Boundaries-Correction by re-survey-Adverse possession.

A re-survey is inadmissible in evidence to show that a private boundary is incorrect, if its starting point is outside of and does not belong to the immediate plan or local system by which the original survey was controlled.

A division line established by mutual agreement and acquiescence and constant occupancy for more than twenty years, cannot be changed without writing.

Error to the Superior Court of Detroit. Submitted October 28. Decided November 10.

EJECTMENT. Plaintiff brings error. Reversed.

Stewart & Galloway, for plaintiff in error.

Griffin & Dickinson, for defendants in error.

GRAVES, J. This is an action of ejectment brought by Mrs. Burns for a strip of land a few inches wide in block three (3) on the Thompson farm in the city of Detroit. The dispute hinges on the right position of the boundary between lots thirty-eight and thirty-nine. The plaintiff owns lot thirty-eight and the defendants lot thirty-nine, and she claims that they have encroached upon her lot thirty-eight. The defendants deny this and contend that they have confined their occupancy to the bounds of lot thirty-nine and that the plaintiff is now in fact holding a fraction of that lot against their right.

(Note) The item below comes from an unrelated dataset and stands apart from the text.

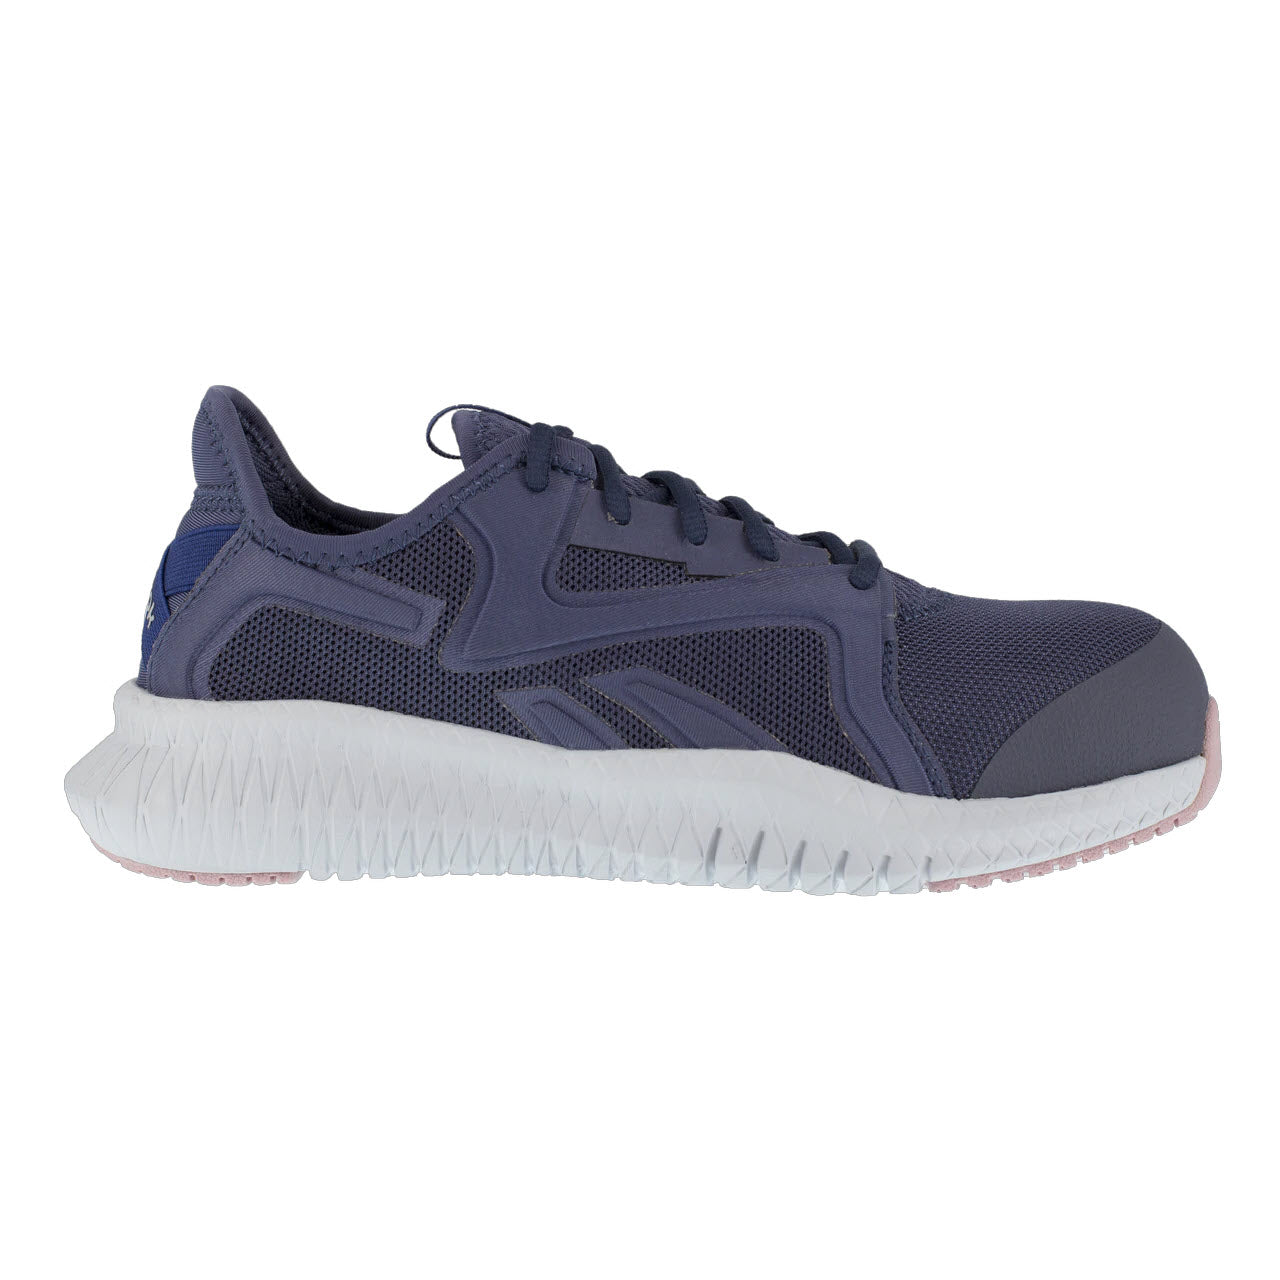 A single navy blue Reebok Work CT Flexagon 3.0 athletic sneaker with a white sole and MemoryTech Memory Foam footbed.

Thompson, the original proprietor, platted the premises in January, 1852, the survey being made by Mullett. Immediately thereafter the plaintiff's husband Thomas Burns contracted with Thompson for the purchase of lot thirty-eight and in the spring of 1852 built a house on it which is still there. Thompson subsequently carried out the contract by conveying to Burns, and he deeded to Mr. Gowan who in

turn conveyed to the plaintiff. About the time of Burns' purchase, Mrs. Ockford bought of Thompson lot thirty-nine and in June, 1875, she conveyed to one of the defendants who is her son-in-law. It is therefore seen that the parties' predecessors in title of the two lots began their holding from the original proprietor immediately after the lots were platted and that their purchases dated very near together.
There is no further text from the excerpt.